NOT using the System.Threadpool in server class applications

C

Chris Mullins

"Carl Daniel [VC++ MVP]"
I have, a couple years back. It would be interestsing to dust that code
off, make it .NET friendly (it's native C++), and use it to build a
UMS-like framework for .NET. That'd be a powerful tool to have in the
.NET toolbox.

.... and here I thought I was hardcore. You, sir, are well and truly sick! :)
 
C

Chris Mullins

Joe Seigh said:
That's Maged Michael and Michael Scott's lock free queue algorithm if you
want to google for it.

Wow. I just spent some time reading Maged Michael's paper's over at IBM
reasearch. He's got some great, great stuff in there. Thanks for the
pointer.

Any idea if I can find nice (and debugged) C# implementations of his
algorithms?
 
J

Joe Seigh

William said:
| gate.lock();
| queue.lock();
| for (;;) {
| if queue.empty()
| timeout = INFINITE;
| else
| timeout = queue.peek().deadline - now;
|
|
| if (timeout < 0)
| break;
|
| queue.unlock();
| event.wait(); // autoreset event
| queue.lock()
| }
|
| item = queue.pop();
| queue.unlock();
| gate.unlock();
|

I am not following that totally.
1) if queue is empty timeout is set to -1 (i.e. INFINITE). The next "if" is
then true and does a break. Then you try to pop() an empty queue? This
does not seem right. Please help.
2) Where else do you wait on timeout?

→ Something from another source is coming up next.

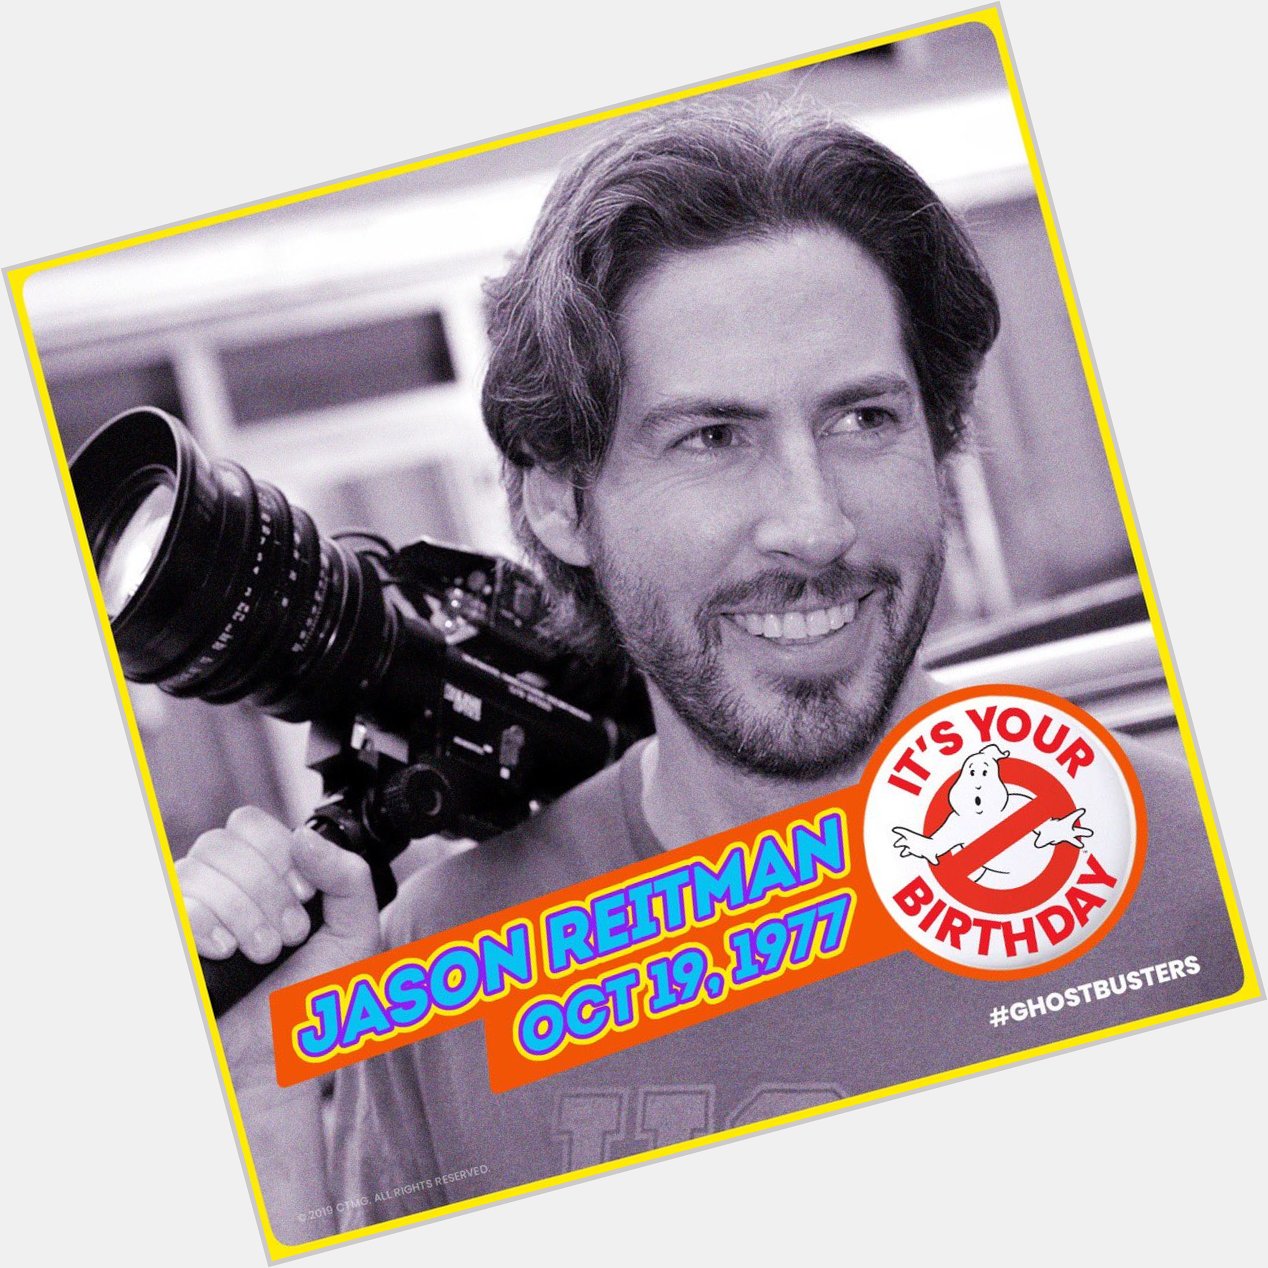 Happy Birthday to Jason Reitman for giving us the gift of

Should it be event.wait(timeout)
instead of event.wait()?

tia
Right that should be "if (timeout != INFINITE && timeout < 0)"
and "event.wait(timeout)".
 
J

Joe Seigh

Chris said:
Wow. I just spent some time reading Maged Michael's paper's over at IBM
reasearch. He's got some great, great stuff in there. Thanks for the
pointer.

Any idea if I can find nice (and debugged) C# implementations of his
algorithms?

I'm not sure. Most of the stuff I did was read lock-free (as opposed
to write lock-free) and mainly used RCU, Maged's SMR hazard pointers,
or lock-free reference counting for the GC component of the lock-free
algorithms. So you could have read lock-free hash tables, linked lists,
or even balanced binary trees if I had ever gotten around to working out
the heuristics for balancing (you can't just plug in the current
AVL or Red/Black algorithms as is). But too much patent activity in
that area so I shut down those projects.

You could take a look at the java.util.concurrent classes in the latest
version of Java to see how they did it. JSR-166 added in lock-free support.
They basically use double wide interlocked compare and exchange to
implement the AtomicMarkableReference and AtomicStampedReference classes.
You need stuff like that to avoid the ABA problem. You can use tracing GC if
it's built in to avoid the ABA problem like the article above did but
for a high throughput queue, you are going to generate a lot of garbage
for the GC to collect.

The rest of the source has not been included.